Introducing next year's model, the data-crate; applied standards for data-set packaging

2013-11-01

This is also up at the UWS eResearch blog

[Update 2013-11-04:

If you're reading this in Feedly and possibly other feed readers the images in this post won't show - click through to the site to see the presentation>

Added some more stuff from the proposal, including the reference list - clarified some quoted text]

Introducing next year’s model, the data-crate; applied standards for data-set packaging by Peter Seftton and Peter Bugeia is licensed under a Creative Commons Attribution-ShareAlike 3.0 Unported License .

This presentation was delivered by Peter Sefton at eResearch Australasia 2013 in Brisbane, based on this proposal .

ABSTRACT

In this paper we look at current options available for storing research data to maximize potential reuse and discoverability, both at the level of data files, and sets of data files, and describe some original work bringing together existing standards and metadata schemas to make well-described, reusable data sets that can be distributed as single files, dubbed “crates” with as much context and provenance as possible. We look at some of the issues in choosing file formats in which to archive and disseminate data, and discuss techniques for adding contextual information which is both human-readable and machine-readable in the context of both institutional and discipline data management practice.

When the eResearch team at UWS and Intersect were working on the ANDS DC21 “HIEv” (5) application to allow researchers to create data-sets from collections of files, we looked in vain for a simple-to-implement solution for making CSV-type data available with as much provenance and re-use metadata as possible. In this presentation we will discuss some of the many file-packaging options which were considered and rejected including METS (6), and plain-old zip files with no metadata.

The Eucalyptus woodland free-air CO2 enrichment (EucFACE) facility is the only one of its kind in the southern hemisphere.

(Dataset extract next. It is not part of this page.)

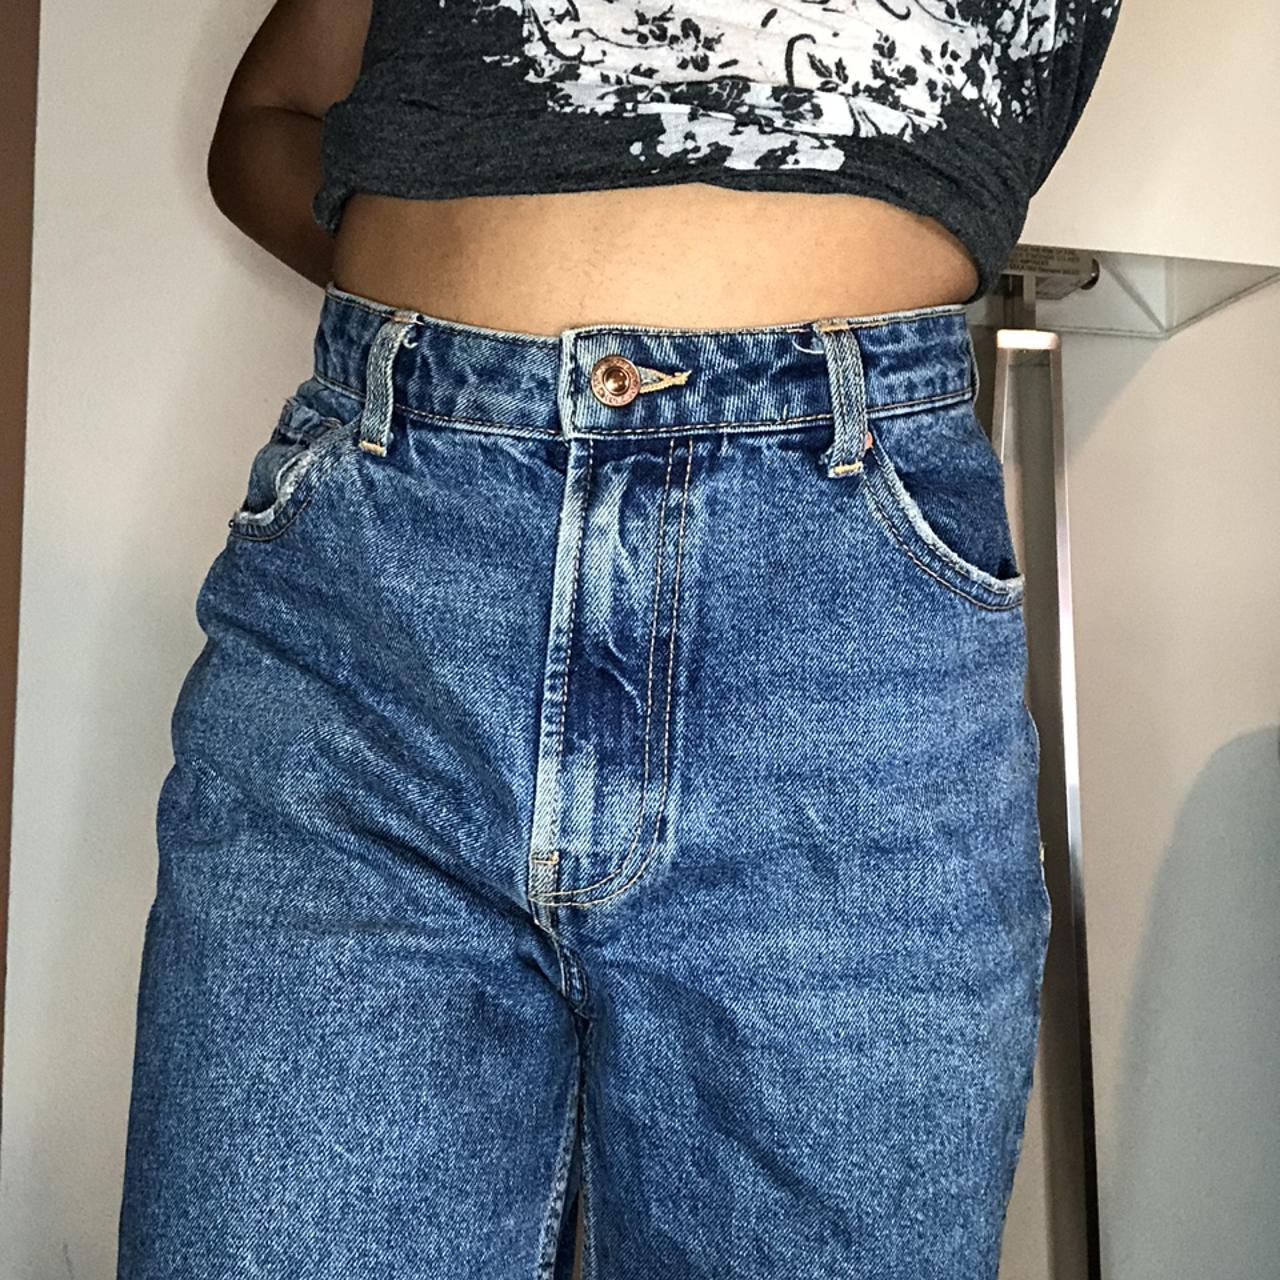 My All Time Favorite Denim - A Mix of Min

It is unique in that it provides full-height access to the mature trees within remnant Cumberland Plain Forest, the only FACE system in native forest anywhere in the world. It is sited on naturally low-nutrient soils in what is close to original bushland, and offers researchers an amazing site at which to study the effects of elevated CO2 on water use, plant growth, soil processes and native biodiversity in a mature, established woodland within the Sydney Basin.

http://www.uws.edu.au/hie/research/research_projects/eucface

This is in the context of the Hawkesbury Institute For the Environment,(HIE) experimental facility, pictured is the Free-Air-Co2 exchange experiment ( EucFACE) under construction.

This is the context in which we did this data-packaging work, but it is designed to be more broadly applicable.

What if provide a zip download of a whole lot of environment-data files and someone writes and important article, but then they can’t work out which zip file and which data files they actually used?

What if there’s some really important data that I know I have on my hard-disk but I can’t tell which file it’s in ‘cos they’re all called stuff like 34534534-er2.csv?

We have reached the time when there is a genuine need to be able to match-up data from different sources; infrastructure projects funded by the Australian National Data Service (ANDS) (4) are now feeding human-readable metadata descriptions to the Research Data Australia (RDA) website. But which standards to use? As Tanenbaum said, “The nice thing about standards is that you have so many to choose from. Furthermore, if you do not like any of them, you can just wait for next year's model” (1). However, when it comes to choosing file format standards for research data, we have found that while there might be many standards there is no single standard for general-purpose research data packaging. It is, however possible to stitch-together a number of different standards to do a reasonable job of packaging and describing research data for archiving and reuse.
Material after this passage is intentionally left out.